Так и вышло: проспект за моим окном был запружен мужчинами, женщинами и детьми, которые приветствовали версальские войска как освободителей. Я смотрел на ряды солдат в синих камзолах, красных рейтузах и кепи, с винтовками за плечами, и мне казалось, будто я стал свидетелем некоего нового вида театрального представления под открытым небом. Мне никак не удавалось принять реальность происходящего и думалось: «Нет, этого не может быть».
– Последующие семь дней стали известны в истории как «La Semaine Sanglante», или Кровавая неделя. Войска Тьера в короткие сроки заняли западные районы; в восточных же, где находились основные силы коммунаров, развернулись бои, которые носили ожесточенный характер. Передвигаться по улицам было трудно, а порой и невозможно, но для того, чтобы узнать, что именно происходит, не требовалось ходить далеко, достаточно было подойти к окну и услышать треск винтовочных выстрелов и грохот пушек. Воздух отравляли резкие запахи пороха и горящего дерева. Позже я прочитал, что по просьбе президента пруссаки ускорили освобождение тысяч пленных французских солдат, чтобы те пополнили ряды национальной армии. У Коммуны не имелось централизованного плана обороны – скорее каждый район оборонялся самостоятельно. Это позволило армии рассечь силы коммунаров и разгромить Коммуну. Я, пропустивший Гражданскую войну на родине, оказался в самом сердце другой войны.
– И Кровавая неделя стала не худшим из тех событий. После захвата города версальскими войсками члены Коммуны подверглись обширным репрессиям. Малейшая связь с городским правительством грозила привести к судебному разбирательству и казни (людей подвергали суду и приговаривали к смерти за малейшую связь с правительством Коммуны). Расстрельные команды приводили в исполнение приговоры сотням людей на кладбище Пер-Лашез и в Люксембургском саду. Я и сам мог бы попасть под подозрение, если бы не мой старинный друг, профессор античной литературы, который предоставил доказательства моей добропорядочности.
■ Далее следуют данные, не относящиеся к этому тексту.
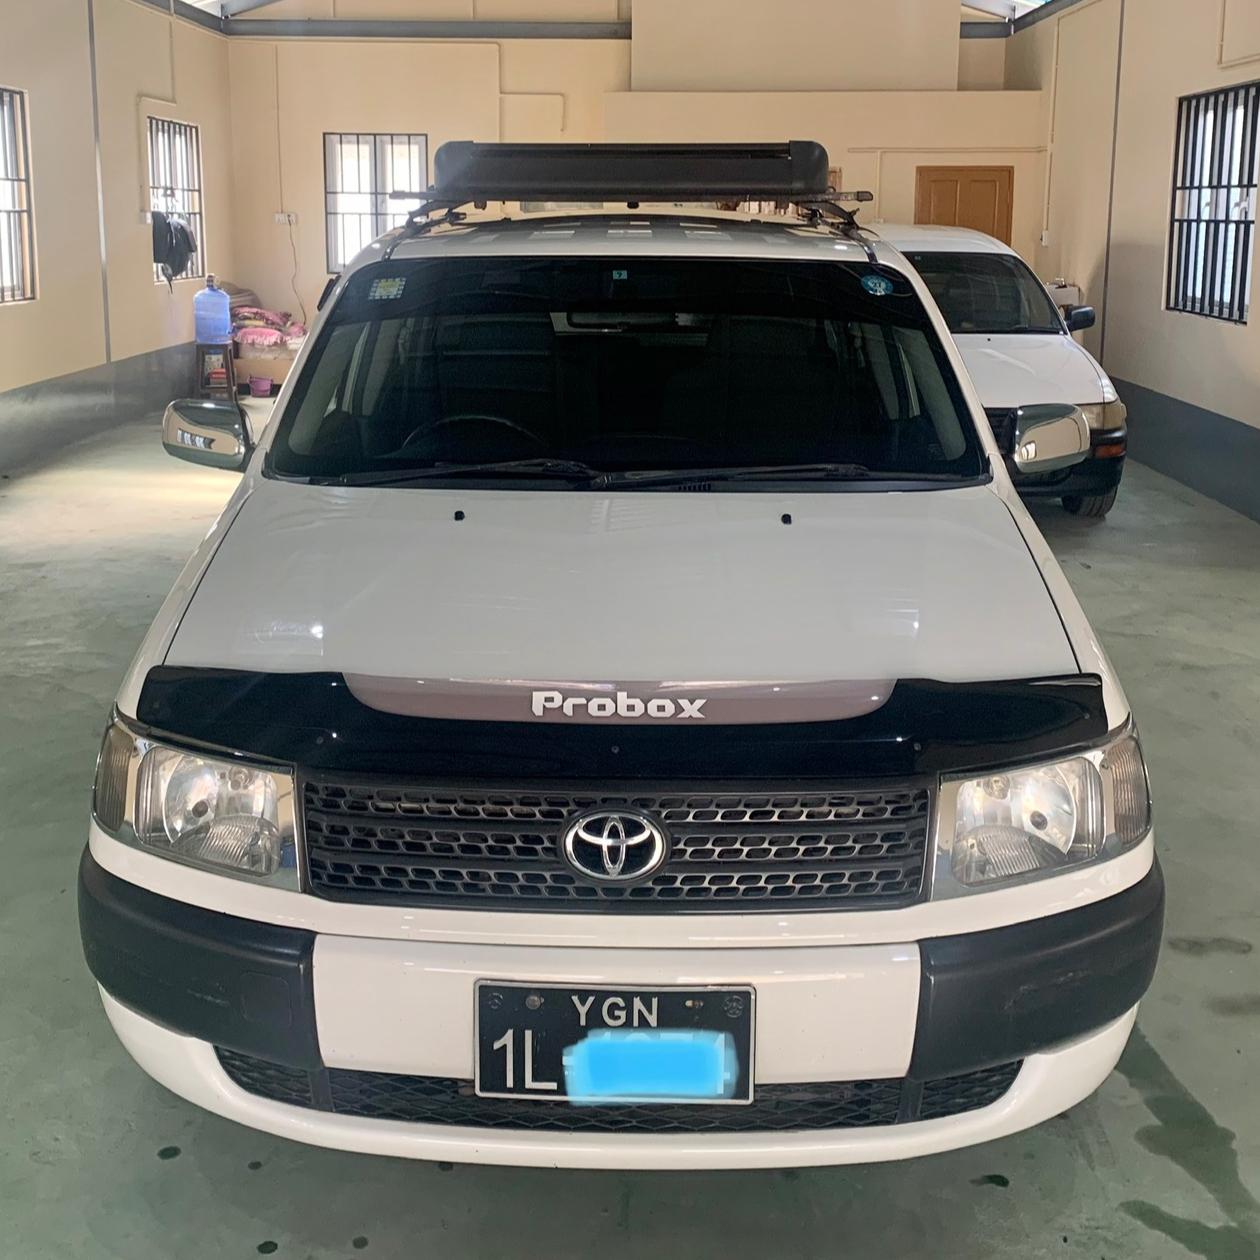 Toyota Probox 2010  Image, ဗန် classified, Myanmar marketplace, Myanmarkt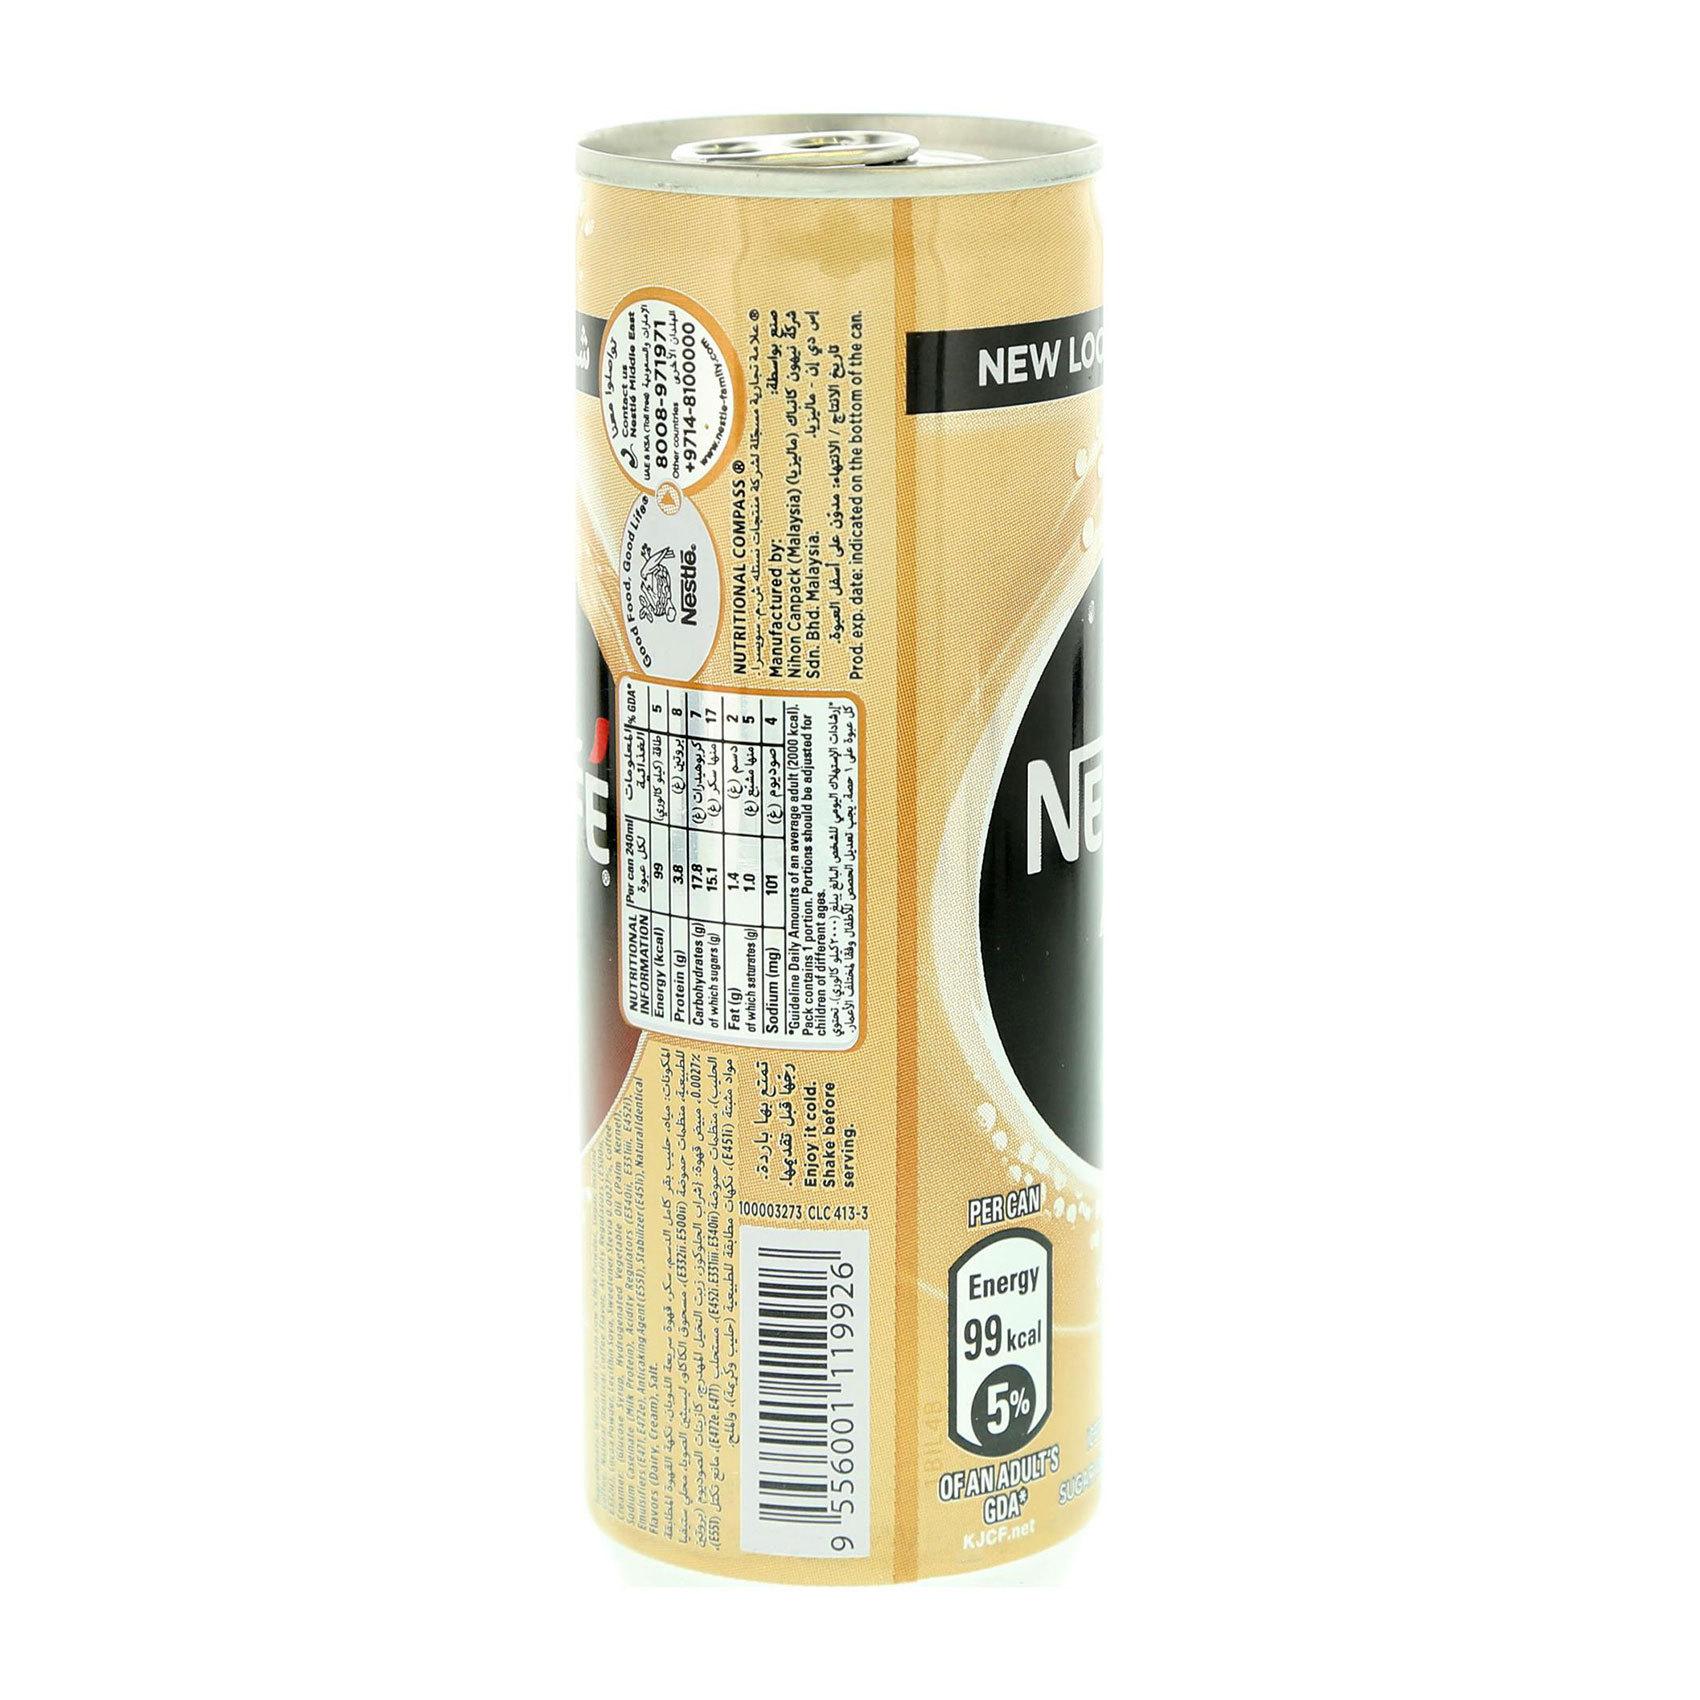 Nescafe latte Ice Coffee 240ml

– Наверное, я мог бы не уезжать, но перспектива оставаться на руинах Коммуны представлялась мне чересчур мрачной. Руперт Кук потерял интерес к моим отчетам, и я решил, что настало время покинуть Париж. На несколько месяцев я задержался в Женеве, провел зиму во Флоренции, а затем поселился в Венеции. Там я оставался в течение следующих пятнадцати лет, первые пять из которых Париж находился на военном положении. Излишне говорить, что роман, в основу сюжета которого лягут события, происходившие во время моего пребывания в этом городе, так и остался ненаписанным. Вновь побывать в Париже мне удалось лишь в последние несколько лет. Я полагал, что смогу опять поселиться там, но это оказалось невозможным. Призраки семнадцатилетнего прошлого не позволяли сделать этого. Вот почему известие о том, что мистер Данн сколотил себе состояние на торговле оружием Коммуны меня… расстроило. Мягко говоря, – он мрачновато улыбнулся.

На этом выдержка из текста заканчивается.